Negligible debt on the books, a good business mix of residential space and integrated development and sound backing of well-established parent (Mahindra & Mahindra) brightens prospects of Mahindra Life vis-à-vis other mid-sized players. Investors with a three-year perspective can consider buying the stock. At the current price, the stock trades at 13 times its expected consolidated per share earnings for FY-12. Investors would do well to buy the stock in small lots on declines linked to markets.

Mahindra Life expanded consolidated sales at 38 per cent compounded annually over the last three years to Rs 612 crore in FY-11 while net profit grew 18 per cent annually to Rs 108 crore. A strong residential market in Mumbai, where volumes held up despite volatile prices and a lucrative SEZ in Chennai helped the company grow sales even during the downturn. The company closed FY-11 with a 38 per cent growth in profits.

Mahindra Life has negligible debt on a standalone basis and a consolidated debt:equity of 0.5, commendable considering the long term nature of projects such as special economic zones housed under its subsidiaries.
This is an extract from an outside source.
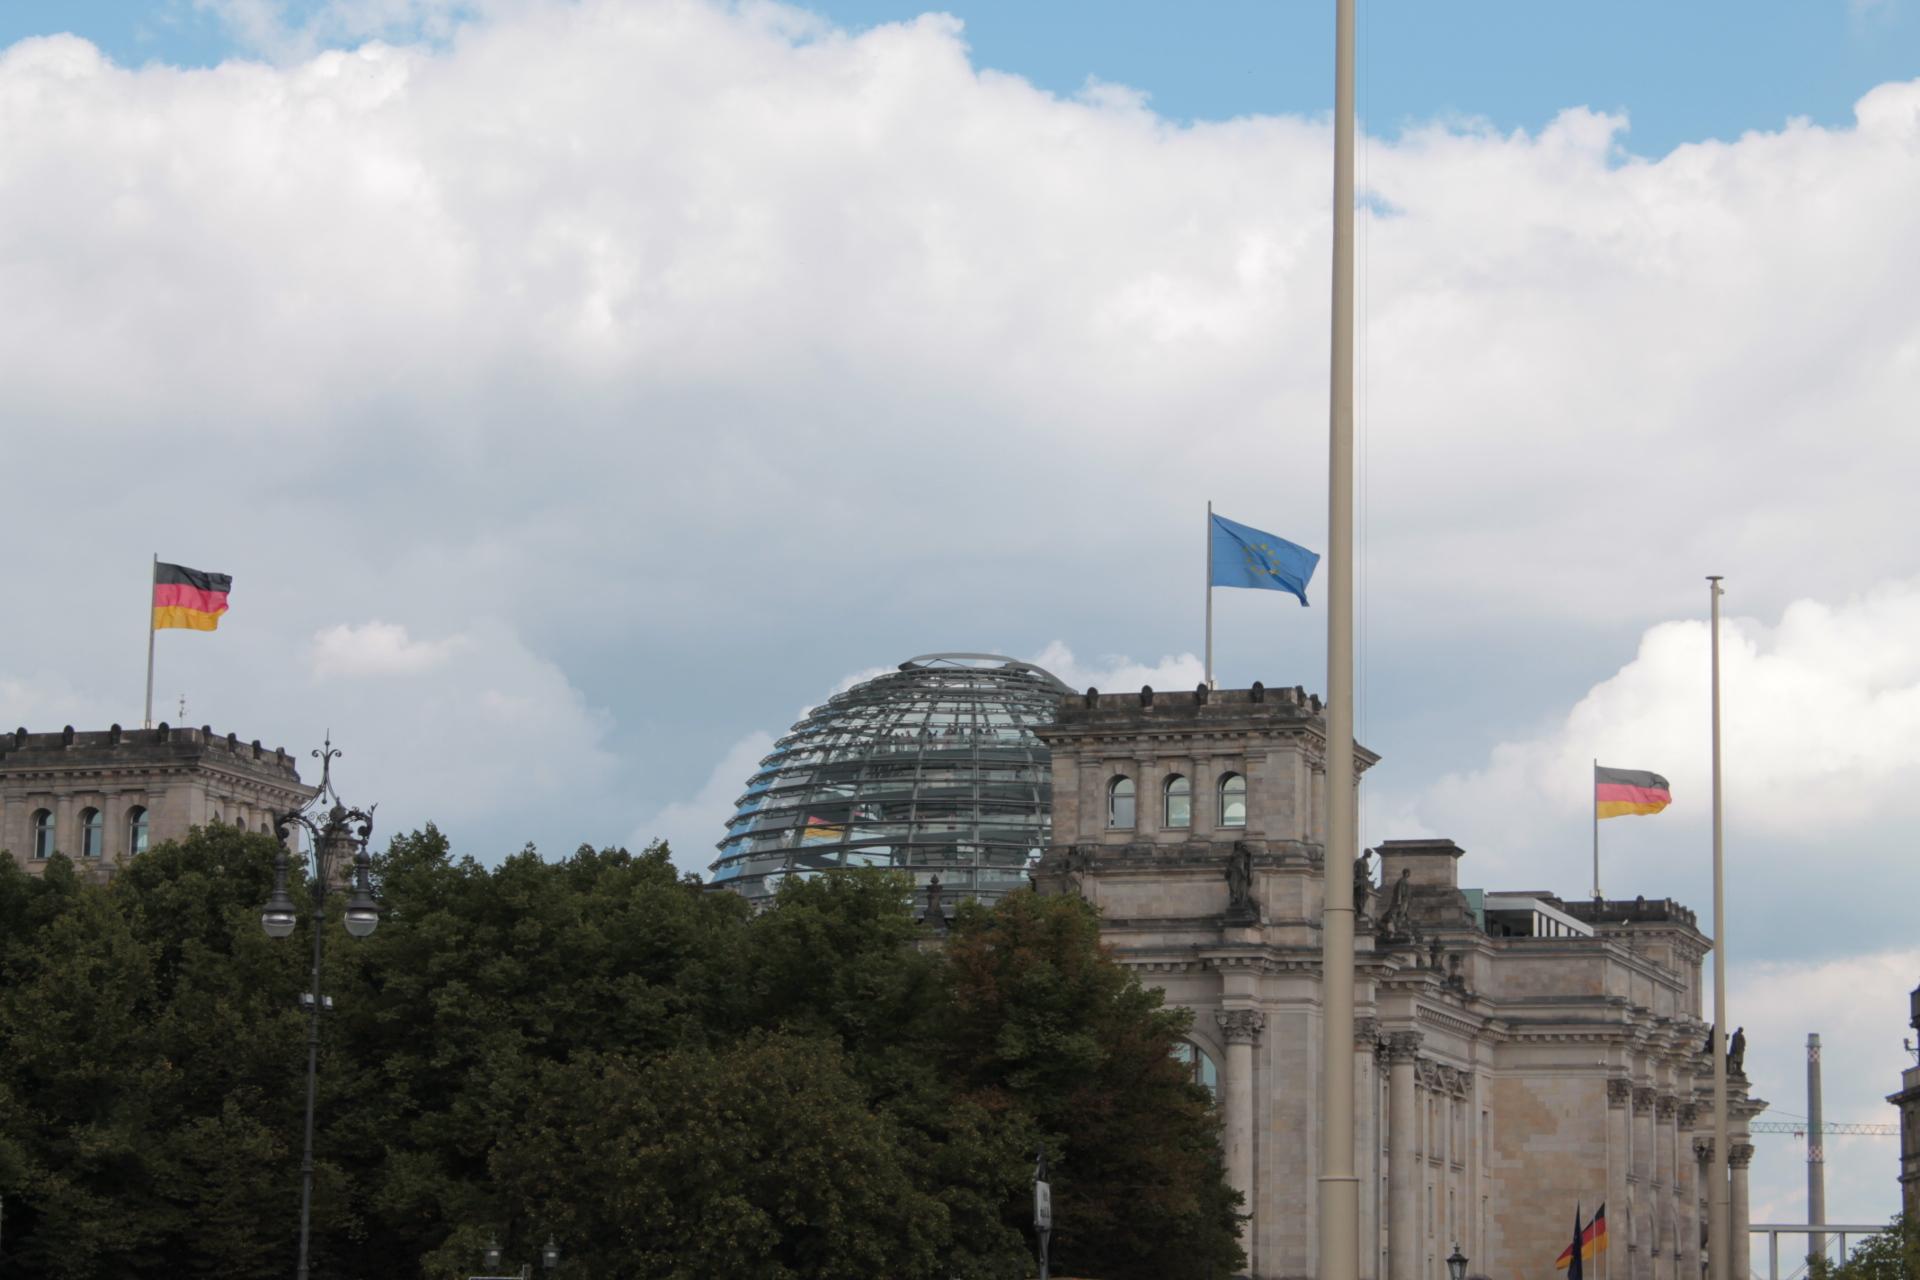 Parlamento Alemán - Bundestag o Reichtag
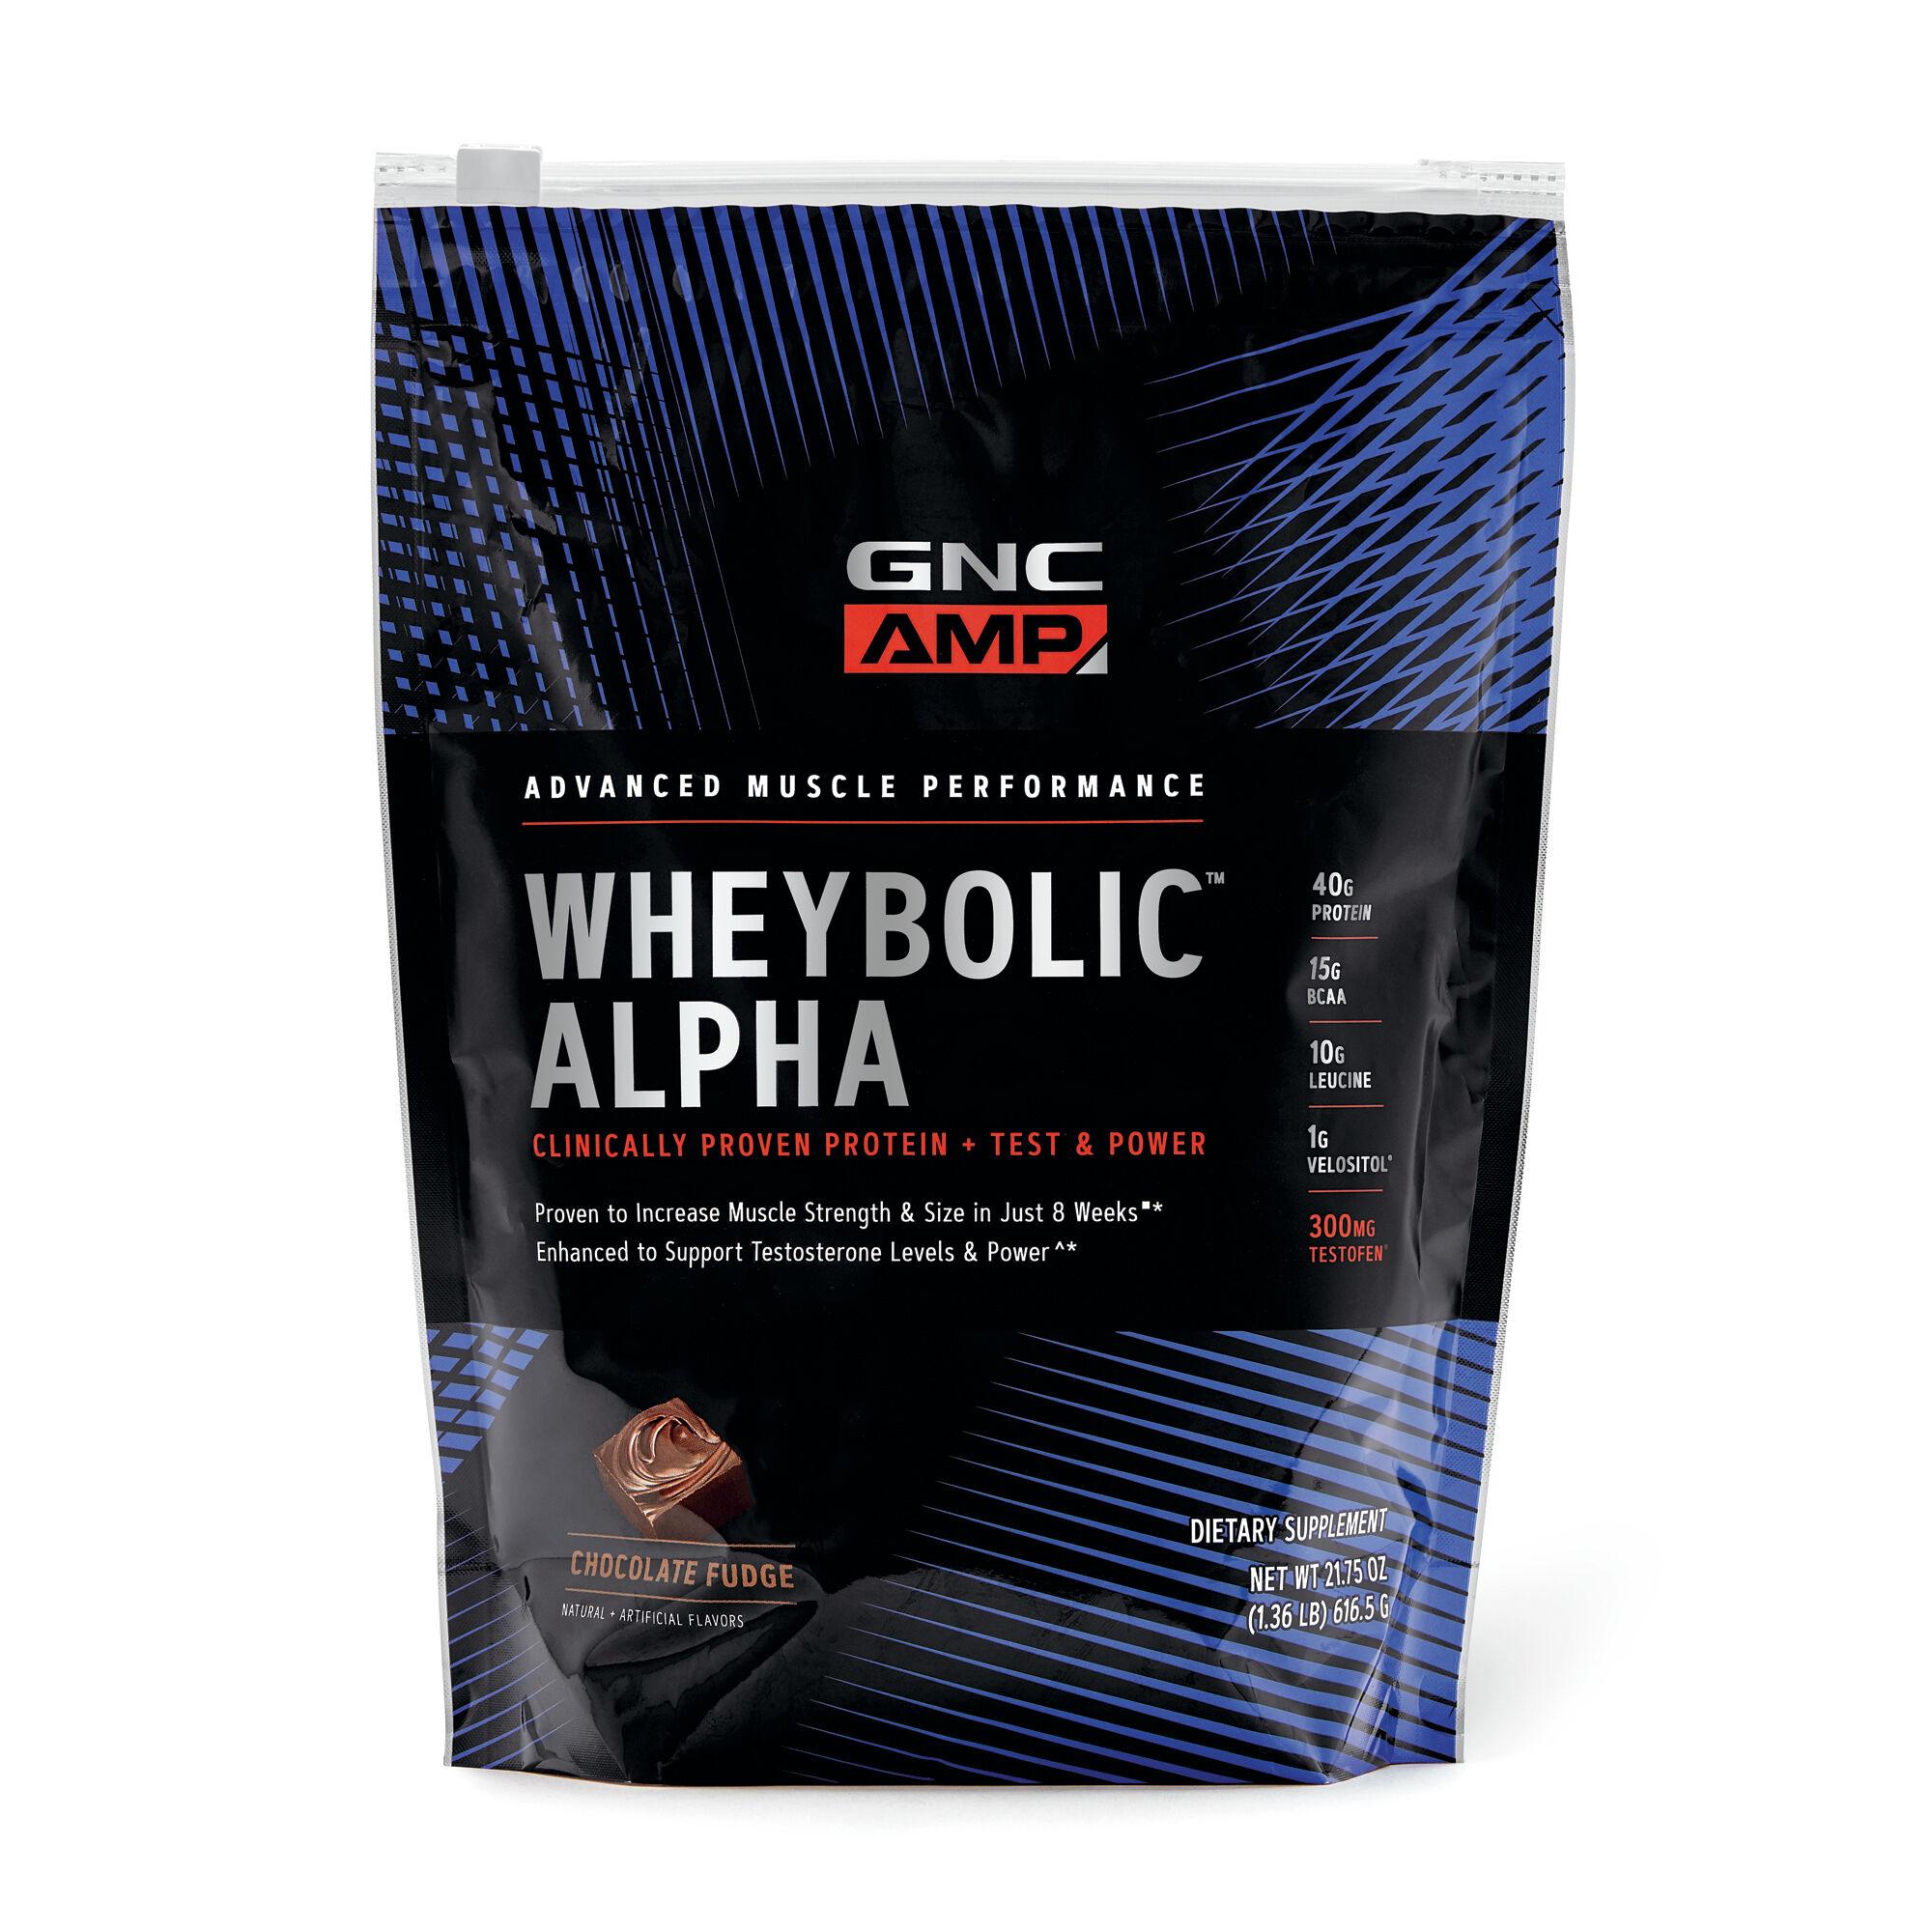 GNC AMP Wheybolic™ Alpha

The residential segment is the mainstay for Mahindra Life's revenues. The company sold 1.4 million sq ft of residential space in FY-11 against 1.2 million sq ft in the previous year. This came with price hikes of 5-15 per cent in Mumbai, despite a good part of the year seeing a slump in prices in parts of the city. That inventories (other than SEZs) have sharply declined in the latest fiscal also suggests that execution as well as sales have picked up pace. Launches, though, have been sluggish in the March quarter.

The company expects to come up with over 2 million sq ft of launches in Mumbai, Hyderabad, Nagpur and Chennai over the first half of FY-12.

Mahindra's integrated cities — the Mahindra World City in Chennai and Jaipur have also been ramping up on their customer base. At its Chennai SEZ, the company added eight customers to take the total to 57. Despite the introduction of Minimum Alternate Tax, we don't foresee occupiers exiting the SEZ, given their massive investments in these zones. There is however concern over SEZs attracting fresh customers. As we write this, the Madras High Court has issued notices to the Government against the MAT levy, on a petition made by South-based SEZ developers. We are not factoring in additional revenues for Mahindra Life from SEZ space not yet leased.